Could you restate the whole listing below word for word, minus the pictures?

**Raw data:**
○ ○ ○

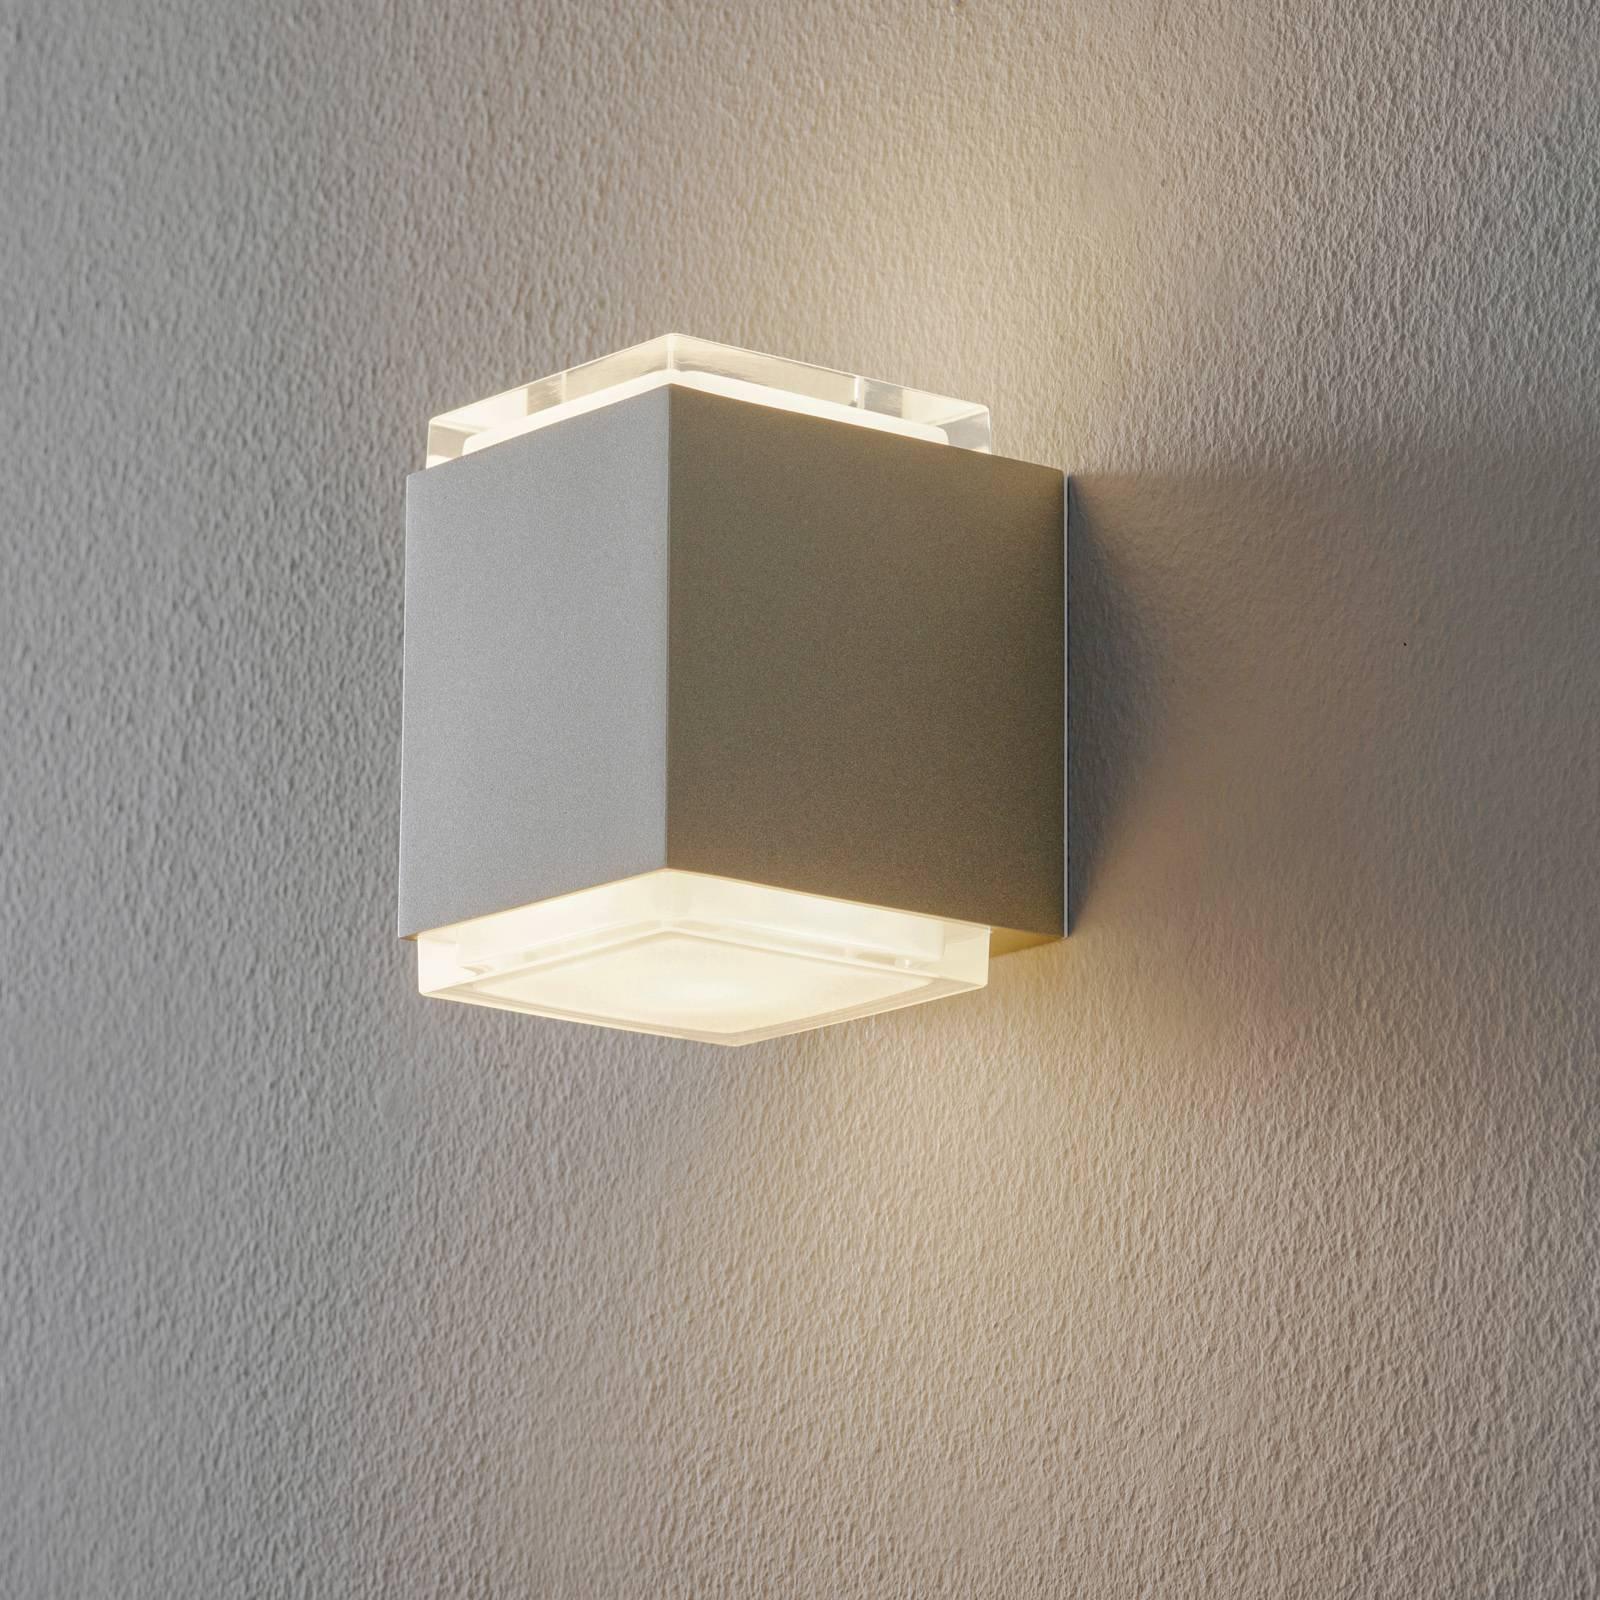 BEGA 50063 LED-vegglampe 3 000 K 9 cm palladium
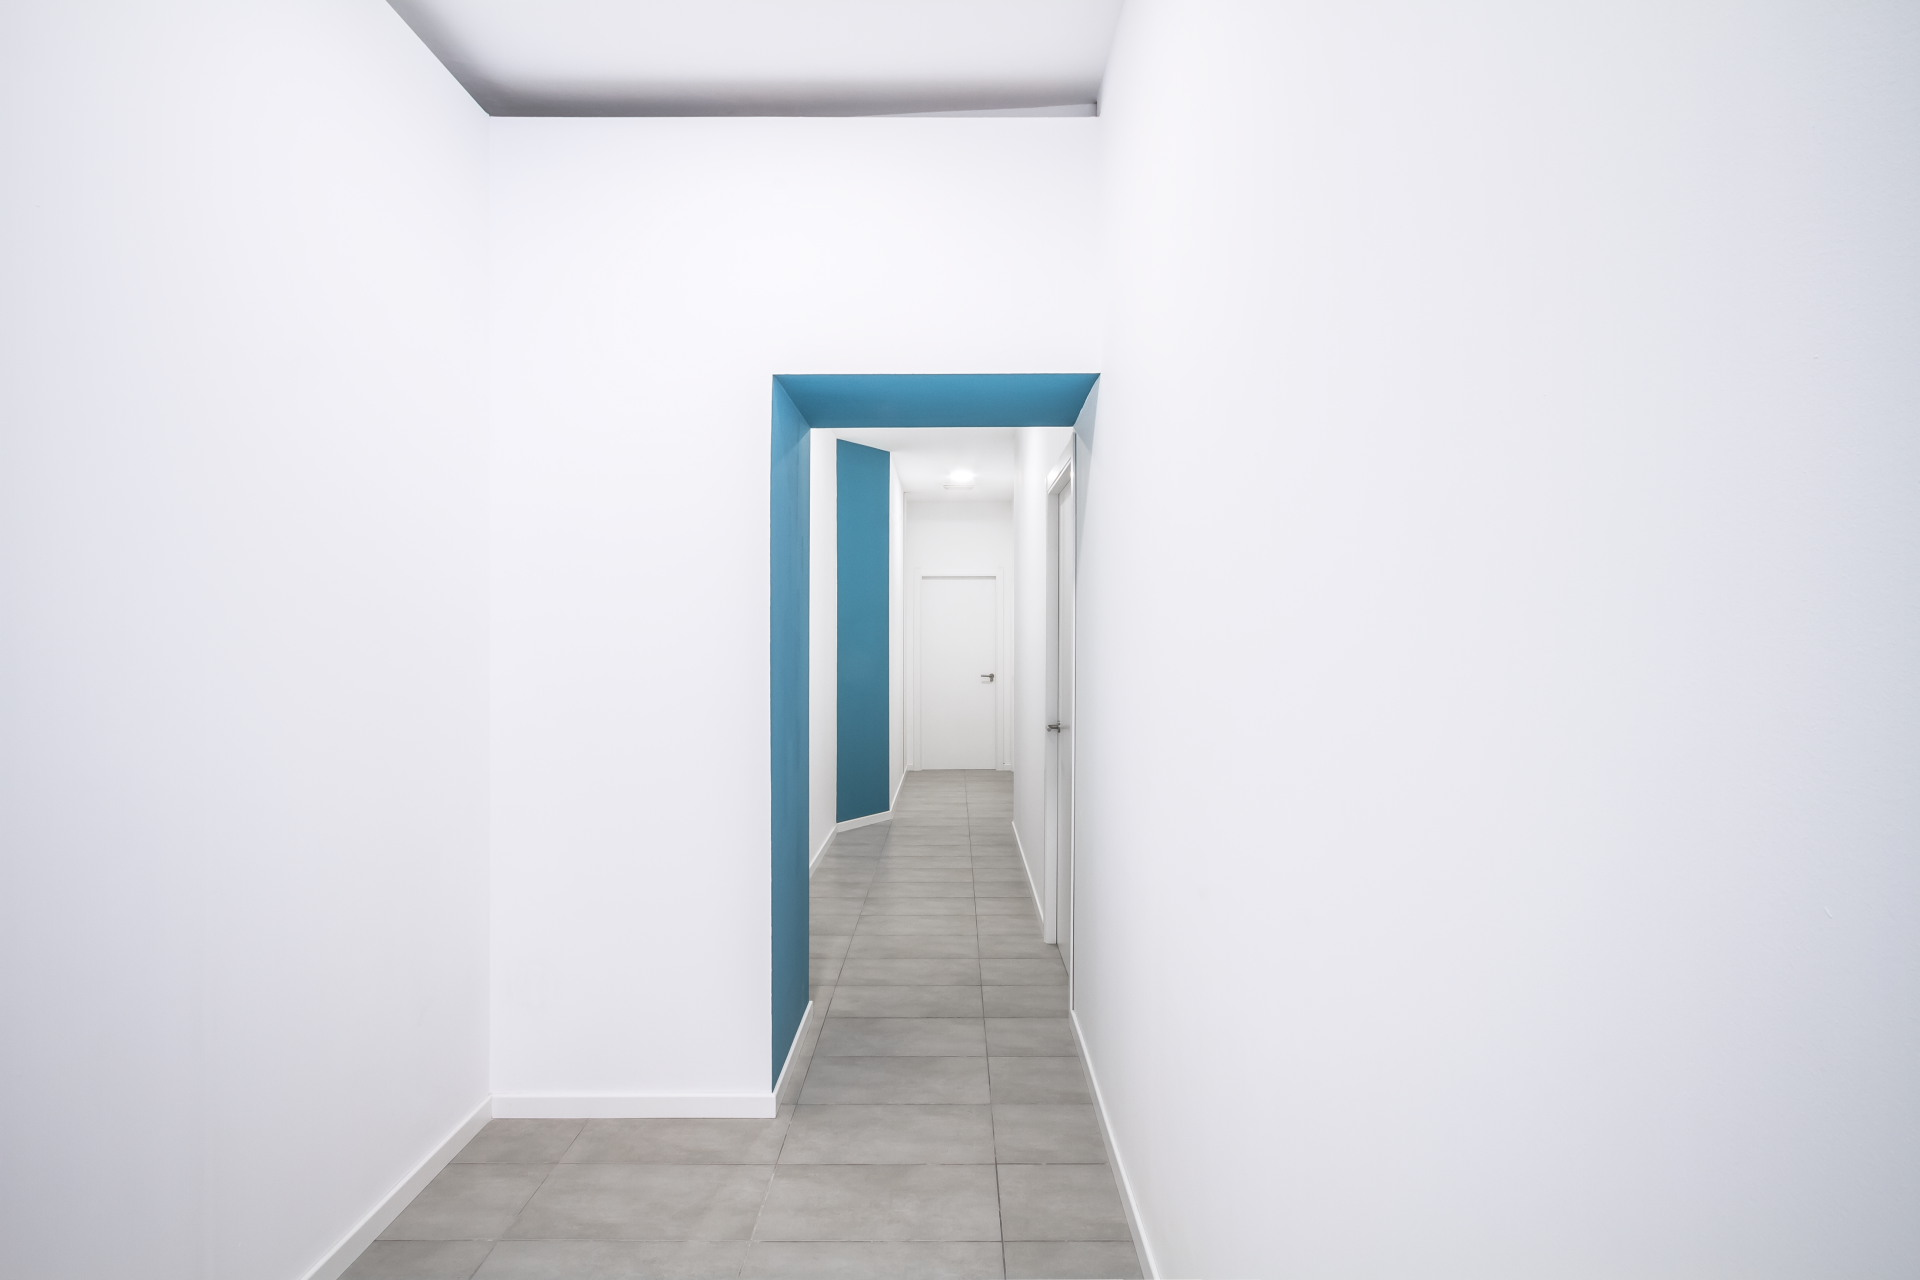 fotografia-arquitectura-valencia-german-cabo-viraje-atelier (6)
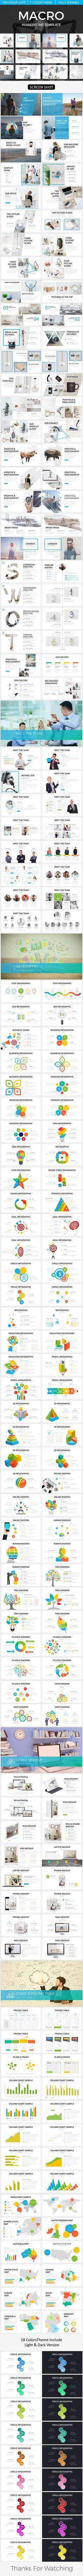 Macro PowerPoint Templates (PowerPoint Templates)

○ ○ ○

**Task answer:**
 BEGA 50063 LED-vegglampe 3 000 K 9 cm palladium
 fotografia-arquitectura-valencia-german-cabo-viraje-atelier (6)
 Macro PowerPoint Templates (PowerPoint Templates)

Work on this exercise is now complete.